To understand how diet affects testosterone levels, you first must understand testosterone production and its actions. It all begins in the brain. A hormone called gonadotropin-releasing hormone (GnRH) is released from the hypothalamus (a small section deep within the brain) and travels to the pituitary gland. From here, GnRH stimulates the release of luteinizing hormone, which travels via the blood all the way to the testes, where it activates enzymes that convert cholesterol into testosterone. What you eat can positively or negatively affect any one of these steps.

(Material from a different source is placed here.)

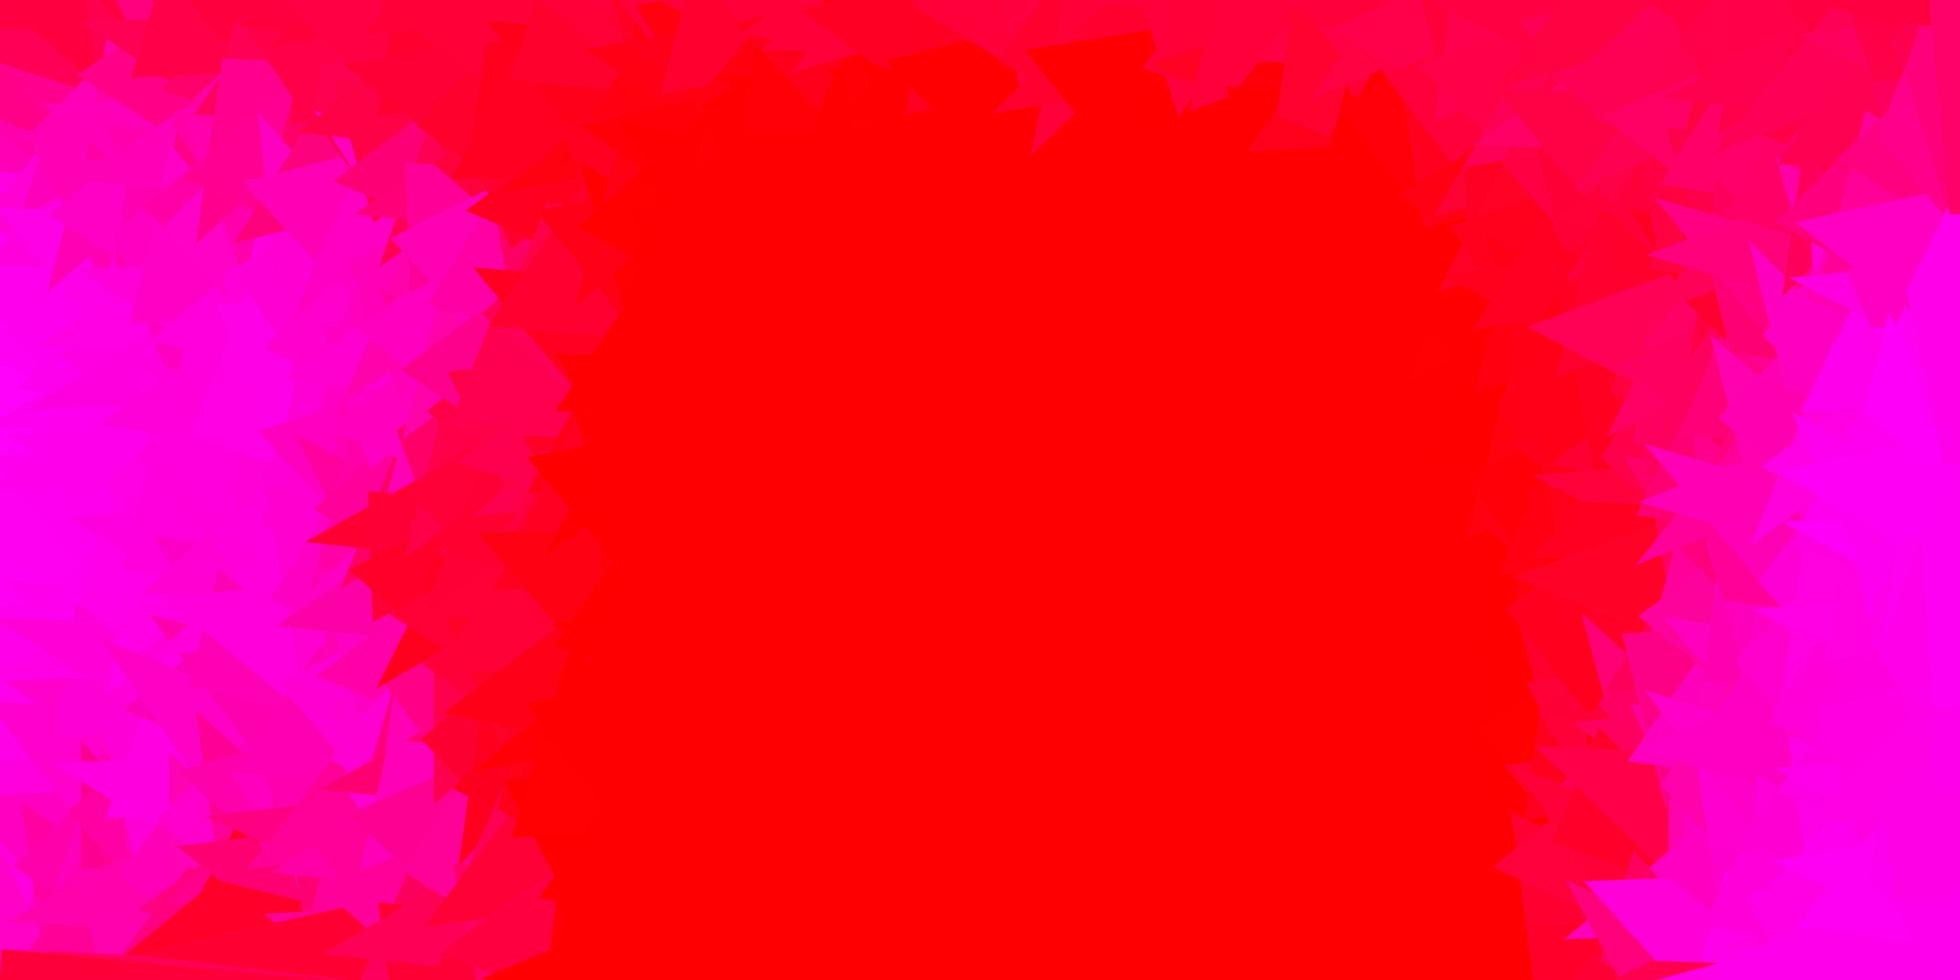 sfondo poligonale vettoriale rosa chiaro, rosso.
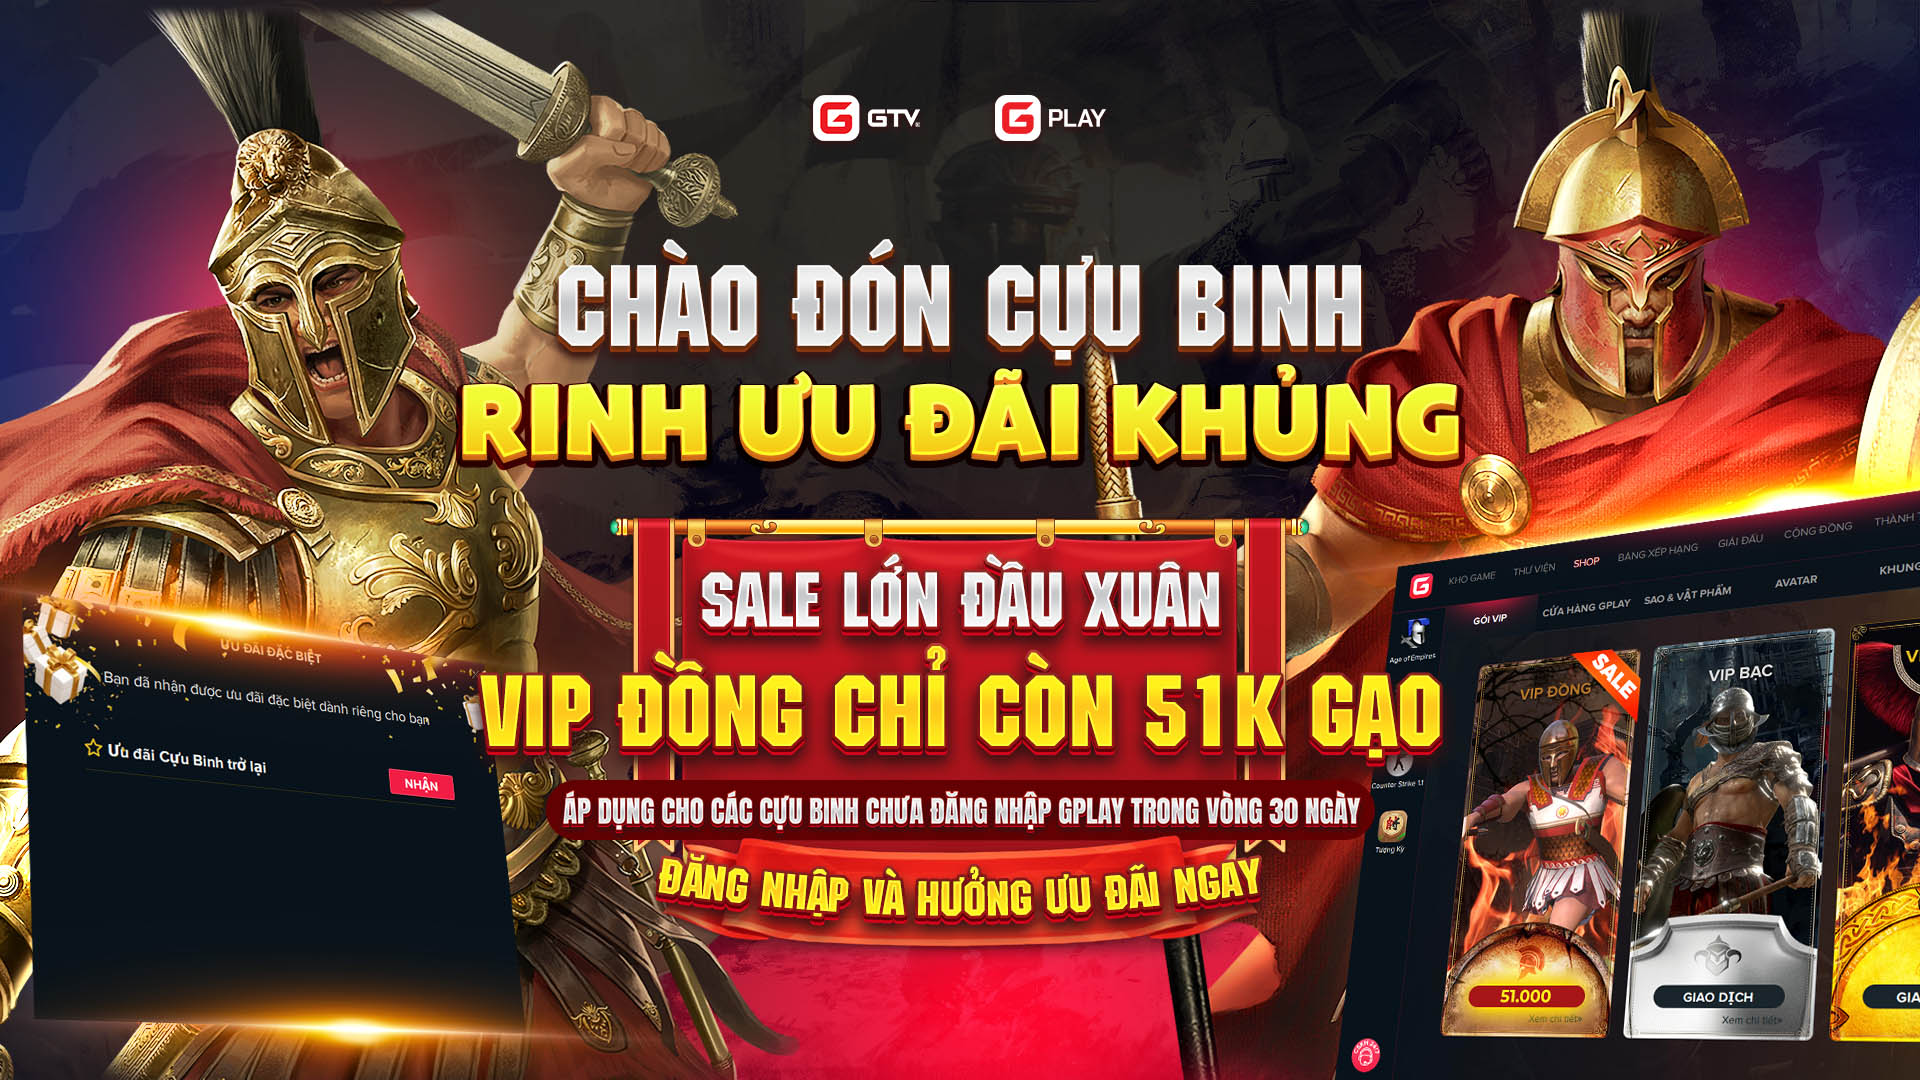 Ưu đãi đầu xuân khuân VIP giá rẻ: VIP Đồng Sale lớn chỉ còn 51k Gạo

Your nutritional regimen can also influence testosterone after it’s produced. Testosterone travels in the blood to muscle cells and other tissues either as free (or active) testosterone or bound to a carrier protein. Only the free kind can work to increase muscle size by entering the muscle cells. At some tissues, such as fat cells and the brain, fat can be converted into estrogens yes, the female hormone you don’t want in excess in your body, since it can lead to fat gain and inhibit further testosterone production by decreasing brain hormones.
Diet can influence the amounts of both active testosterone and estrogens in the blood.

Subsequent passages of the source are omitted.